8 responses to “How did we get here?”

  1. wow Kirsten, I too have been wondering about similar concerns, with the inclusion of the Lean-Agile certification value stream or $$$ maker. I also have been thinking of leaving the corporate world and focusing on my smaller clients, couples, families and small businesses, looking for relationship coaching. much more rewarding, less to no travel, and always an end in sight!

  2. Interesting , insightful and thoughtful article.

  3. i resonate with the pains you have described in this article. I also find that agility is often misunderstood and even misused and way too often we focus on the results we expect rather than focus on the journey and experience itself.
    On the other hand, this makes me enthusiastic about agility, as it proves that its more than a sort of project management framework, or a set of practices. Its a way of being and thinking and interacting with the world. Its close to philosophy and even metaphysics, and these kinds of things are not easy to grasp.
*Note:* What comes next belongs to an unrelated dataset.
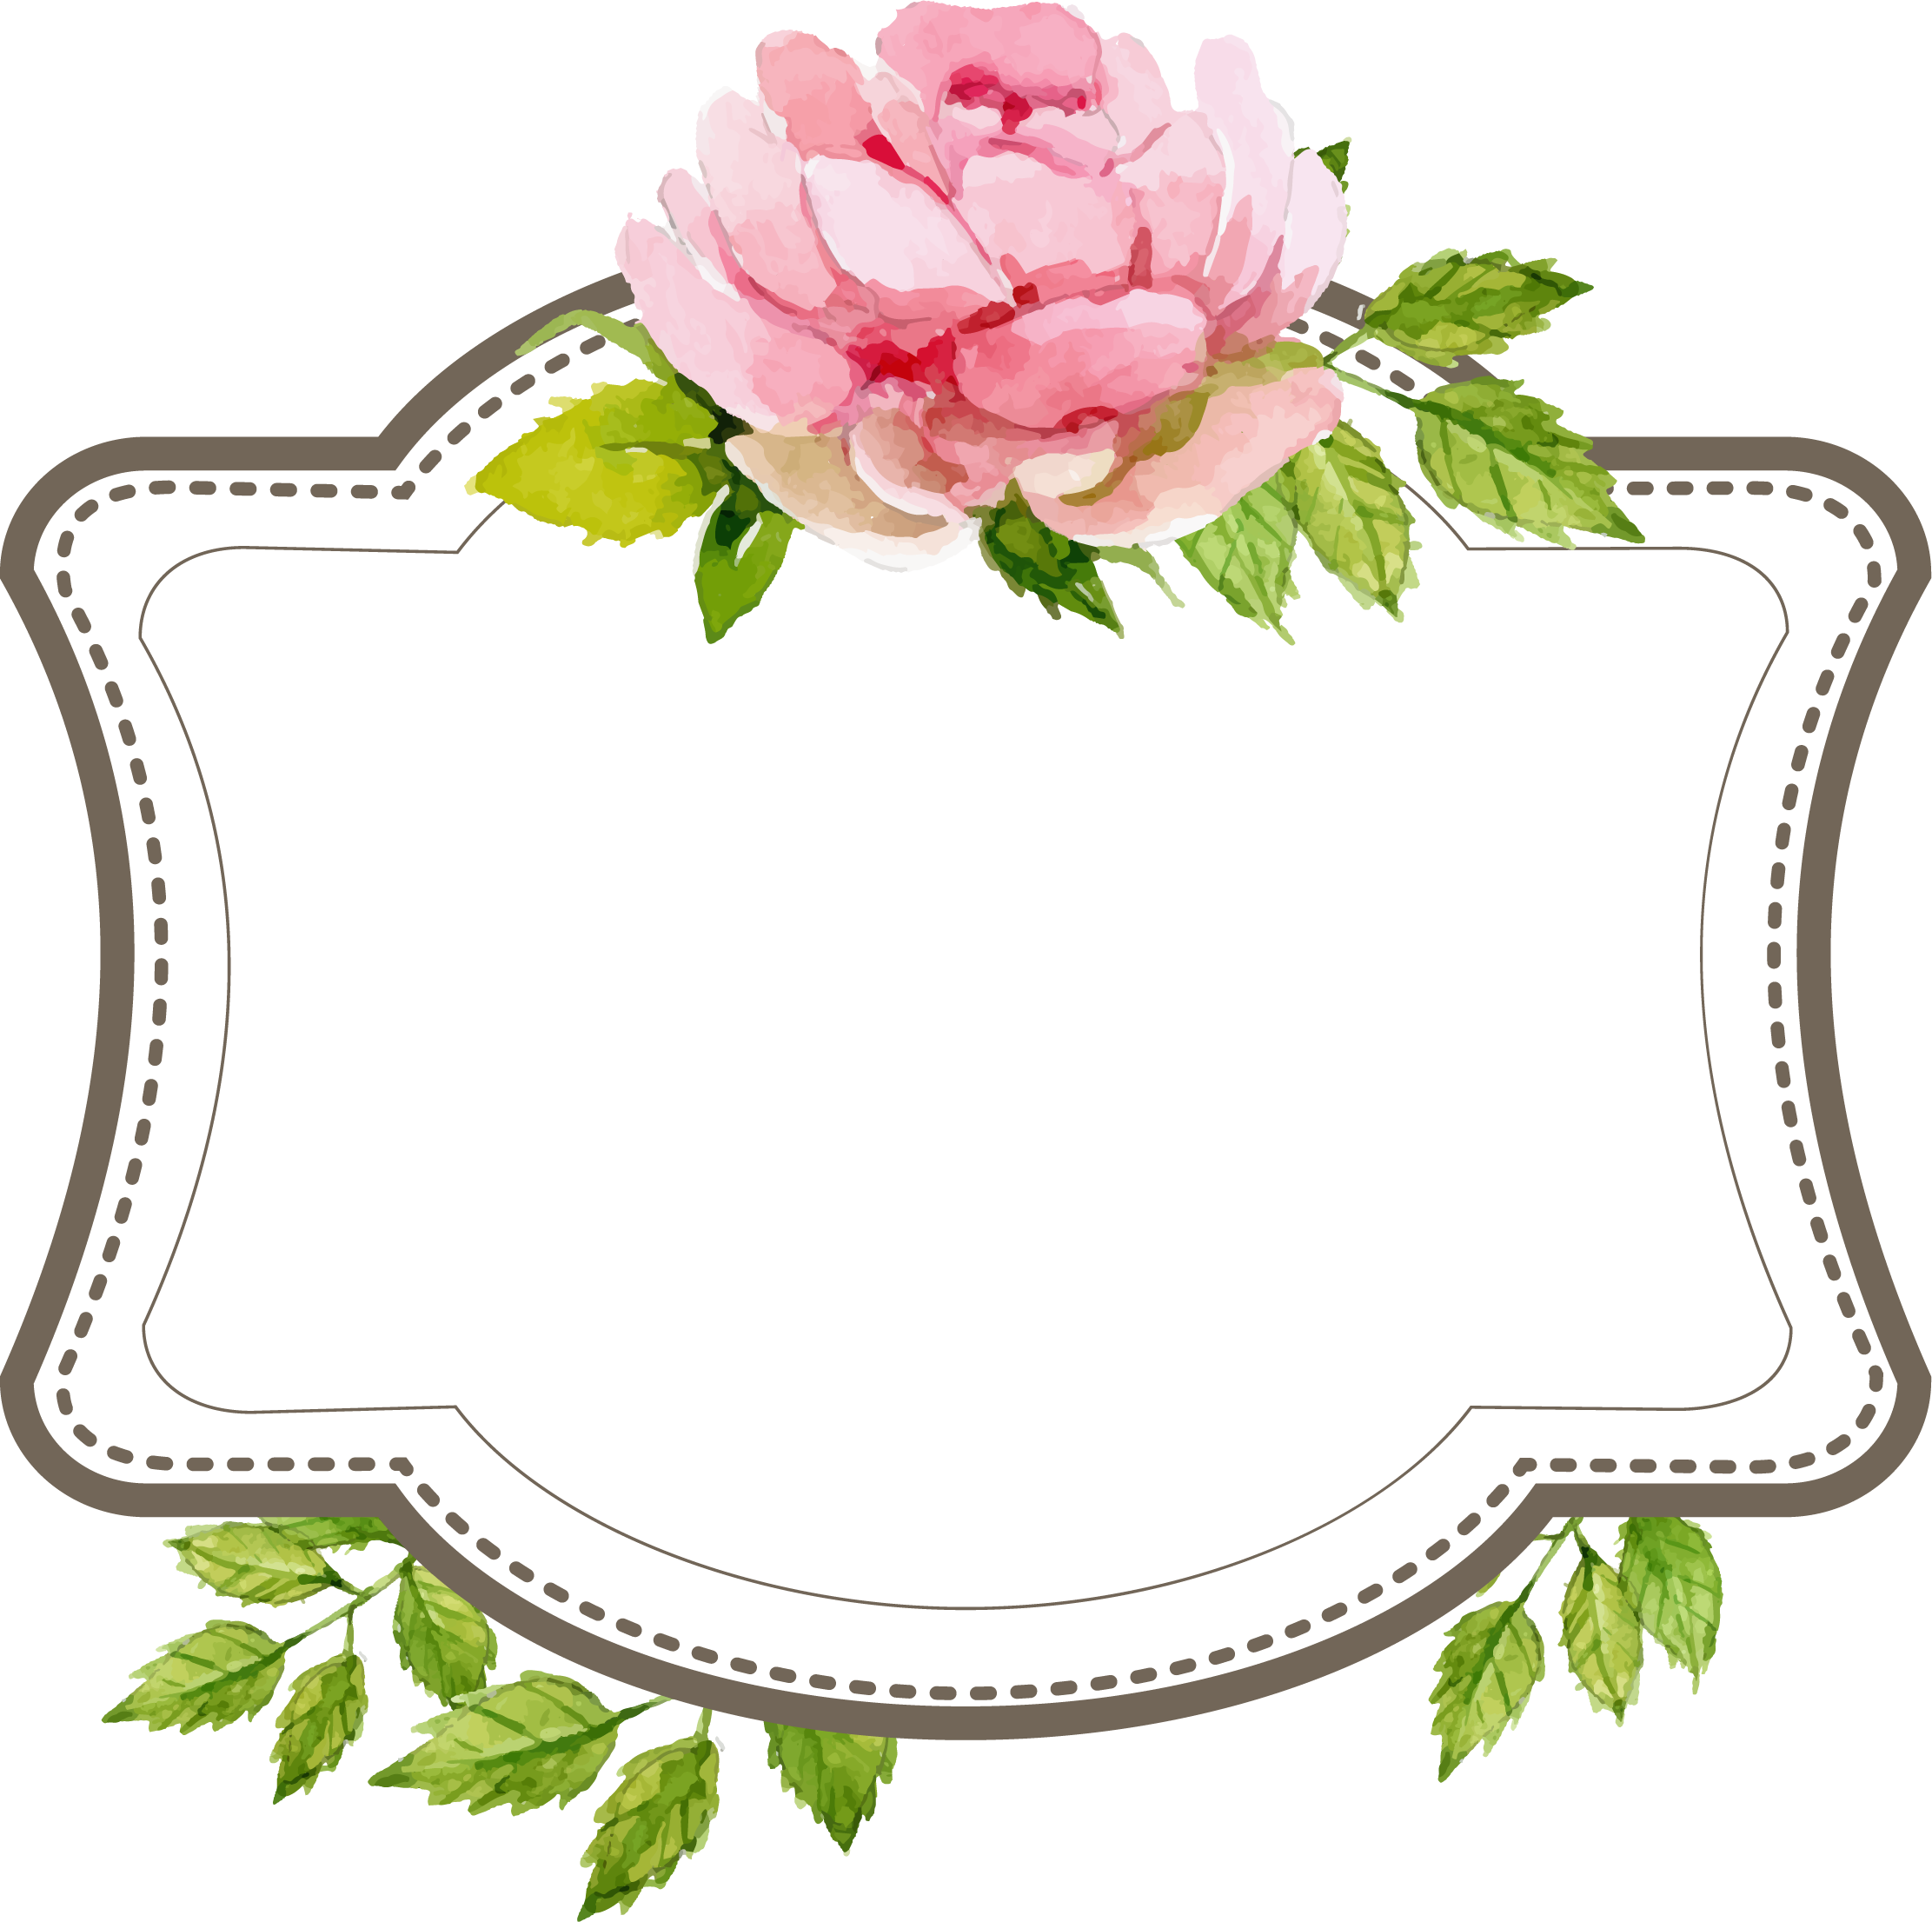 Download Clipart Icon - Beautiful Text Engagement Label Wedding Border.

    Taking this into consideration, it’s no wonder adopting and learning agility has so many pitfalls. But its up to us to take it to the next level, and although we certainly won’t reach the states described as optimal, its certainly self-fulfilling to go on this path.

    I hope you won’t give up and continue, as i’m confident that once you onboard on this path, you can’t go back, no matter what role you will be fulfilling.

    Good luck with your future endeavours, Kirsten 🙂

    1. Thank you Adrian! 🙂

  4. Having a growth mindset requires us to constantly re-evaluate what we’re doing and why with the risk/opportunity that the answers might require a brave change. A friend once said to me “don’t confuse a passion with a habit” and I think that applies in this context; it is ok for our passions to change as we grow…and maybe one day we come back to them when the time is right with a newfound respect or interest. Or maybe we don’t; that is all part of the adventure!

  5. I have personally never been a big fan of Agile. I feel like it is faddish and buzzword laden, and not really that useful. I also feel like these arguments about some of these rituals are not a new thing, but have been around since near the beginning of Agile.

    It is quite possible that many of the bad experiences I have had with Agile were from leaders who read a blog post about it and decided to do it, without enough training. I recall a team where we had daily standups, and the team was growing quickly. At some point we had 15-20 people doing a 30 minute standup, each giving a 1 to 2 minute update. For the most part, no one was really blocking any of the other developers on the team. We were all just giving a status update to the manager. It would have been much more efficient to do asynchronously. My current team does daily asynchronous standups via a Slack bot, and that works really well. Having some daily information flow between team members is really great, to make sure that you are not working on something that has already been done or fixed, or to see if your work is blocking someone else on the team. In essence, I hate status meetings. I think meetings should be reserved for discussion, which is something that I think frequently works better synchronously than asynchronously.

    1. Thanks Rob, and yeah I agree with you on status meetings – it feels to me like if a one way transmission of information is the primary objective then there are more efficient and effective methods. I’ve seen dailies be quite nice for some teams who are more social and like to have a small moment to chat – but that it really is all about the context and problem at hand for me, rather than blanket ideals.

  6. Hi Kirsten
    We have a problem as there are people that call themselves “agile” but they don’t live the values. If we live the values then we can disagree but in a way that leads us all to grow. Agile consulting has become more about making money at the expense of other people than embracing agility as a culture and as a profession.
    To use your spiritual example there are many wolves in sheep’s clothing that have entered the fold. They are becoming easier and easier to spot as they engage in unhelpful and toxic rhetoric about nonsense online.
    I still thoroughly love agile and when done right what it can do.
    If the in fighting and nonsense does not stop, soon there will not be a profession left.